Handoff Debt: The Rediscovery Cost When Coding Agents Take Over Interrupted Tasks
Researchers introduce 'handoff debt,' a framework measuring the efficiency cost when coding agents resume interrupted tasks from incomplete states. Testing across 75 tasks and 724 takeover runs, they found that providing context-bearing handoff information (traces, notes, structured documentation) reduces agent event counts by 20-59% and token consumption by 42-63% compared to repository-only takeover, suggesting current agent benchmarks underestimate real-world deployment costs.
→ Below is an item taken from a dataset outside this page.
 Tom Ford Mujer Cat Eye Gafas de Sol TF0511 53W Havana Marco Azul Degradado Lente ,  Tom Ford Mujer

The study addresses a critical gap between how coding agents are evaluated in controlled benchmarks and how they operate in real software development workflows. Traditional benchmarks measure whether a single agent can solve a task in one uninterrupted session, but production environments involve task handoffs between agents, developers, and systems. This research quantifies 'handoff debt'—the cognitive and computational overhead required when an agent must understand and rebuild context from a predecessor's incomplete work.
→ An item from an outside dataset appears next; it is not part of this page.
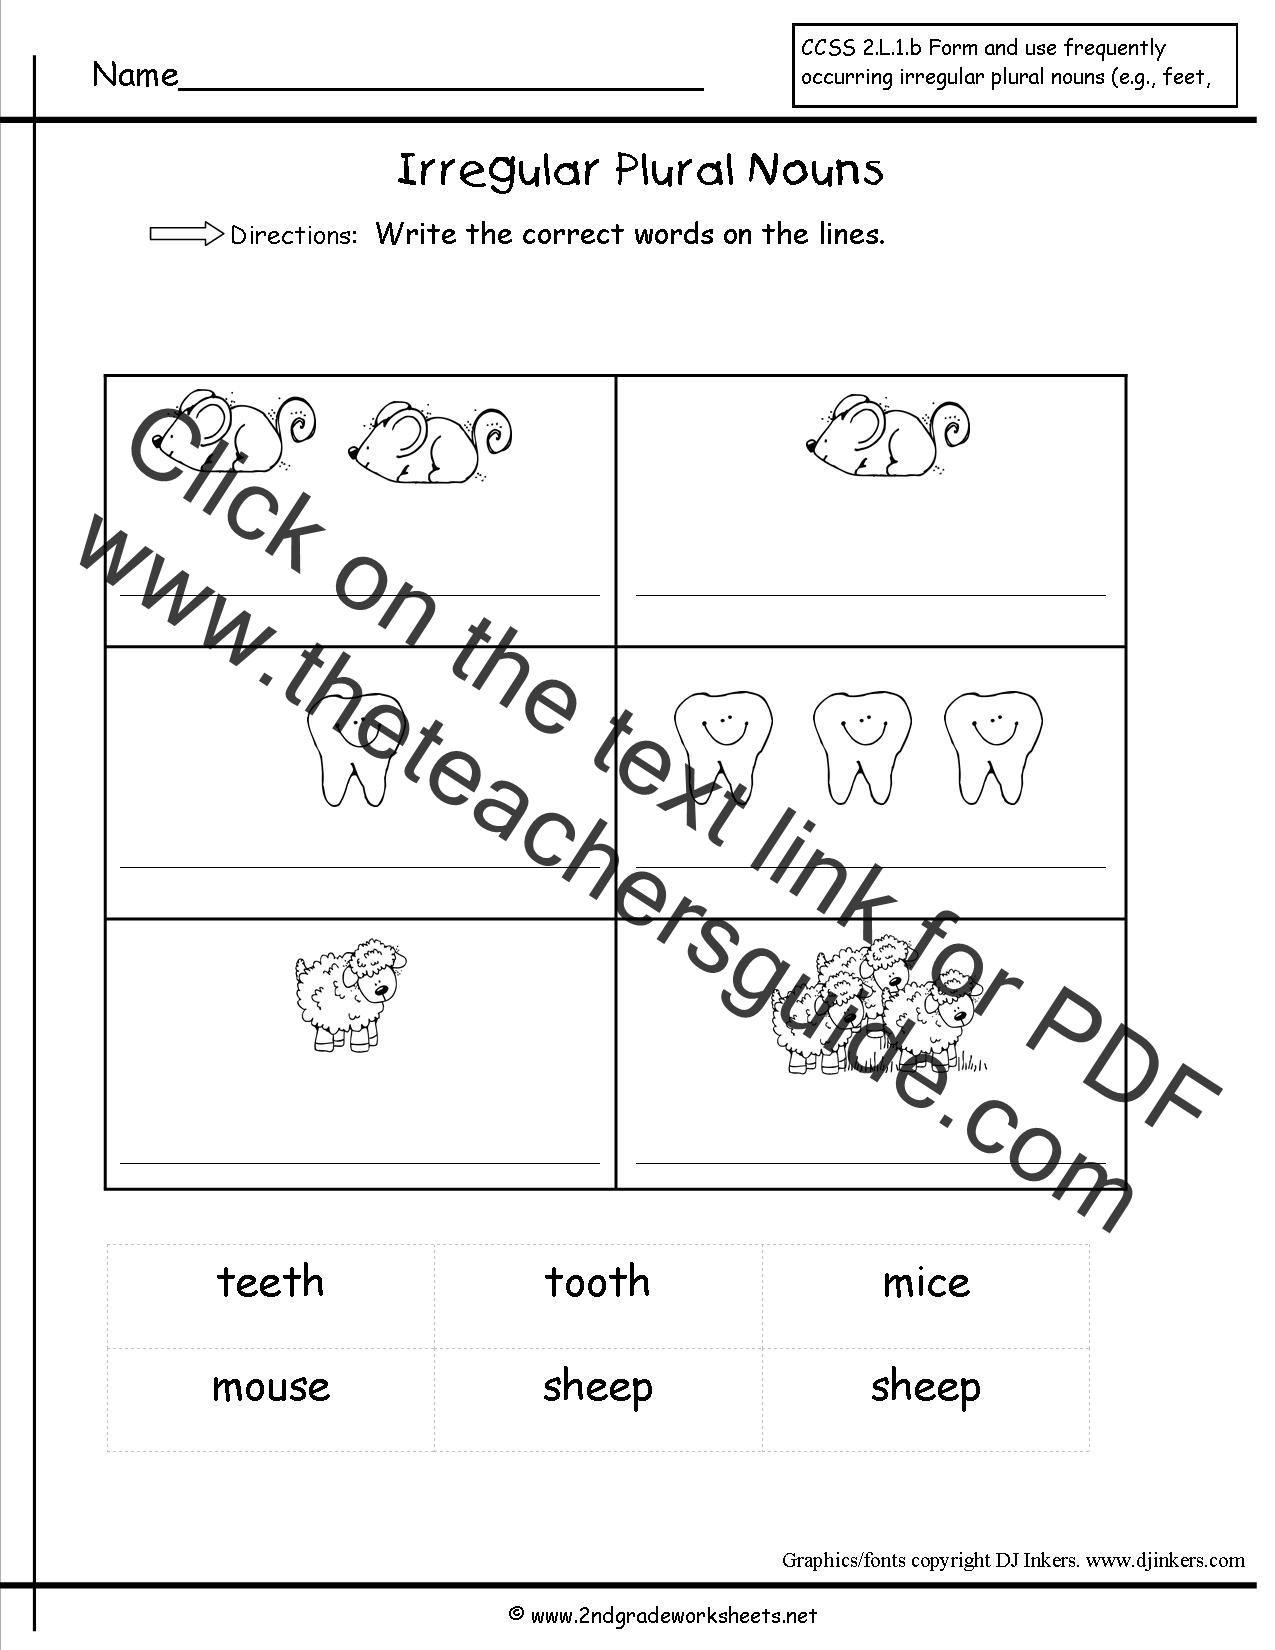 35 Irregular Plural Nouns Worksheet For 3rd Grade

The experimental protocol is rigorous: researchers interrupted agents at deterministic points, froze repositories, and measured how successor agents performed under four information conditions. The dramatic efficiency improvements—42-63% reduction in prompt tokens—suggest that context quality directly impacts agent performance. However, the modest and model-dependent effects on solve rates indicate that efficiency gains don't necessarily translate to higher success rates; agents may simply work more intelligently rather than solve previously unsolvable tasks.
This research carries significant implications for evaluating AI coding systems. Current benchmarks optimizing for solve-rate miss a crucial dimension: operational cost. In production environments where token consumption drives infrastructure expenses and latency matters, these efficiency differences compound substantially. The findings also highlight why engineering practices matter—structured documentation and clear handoff protocols directly reduce computational waste. For teams deploying coding agents at scale, this suggests that systematic knowledge management around task context becomes as important as agent capability itself.
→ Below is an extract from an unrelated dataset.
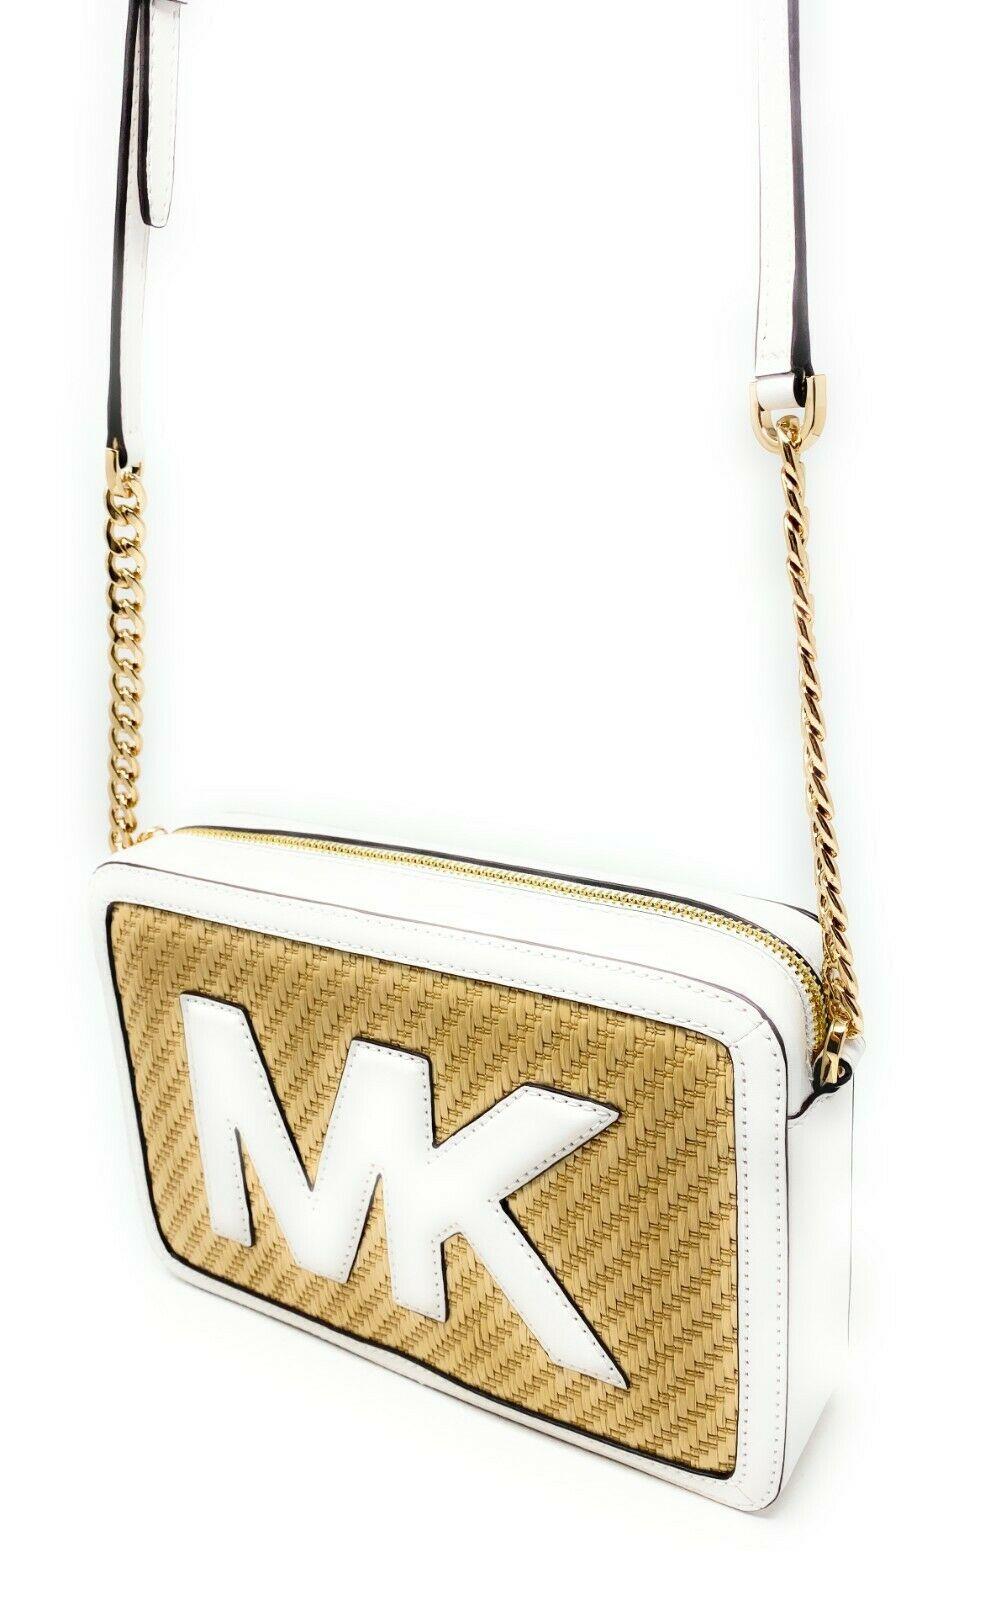 thumbnail 21 - Michael Kors Jet Set Item Large East West Crossbody Chain Handbag Clutch $298

- →Structured handoff information reduces median agent work by 20-59%, revealing hidden costs in standard benchmarking methodologies.
- →Prompt token consumption drops 42-63% when agents receive context beyond raw repository state, directly impacting operational costs.
- →Task handoffs represent a real-world dimension absent from current coding-agent benchmarks, skewing performance assessments.
- →Solve-rate improvements from better handoffs are modest and model-dependent, suggesting efficiency gains matter more than success rates.
- →Production deployment of coding agents should prioritize systematic context management and structured documentation for cost-effective operations.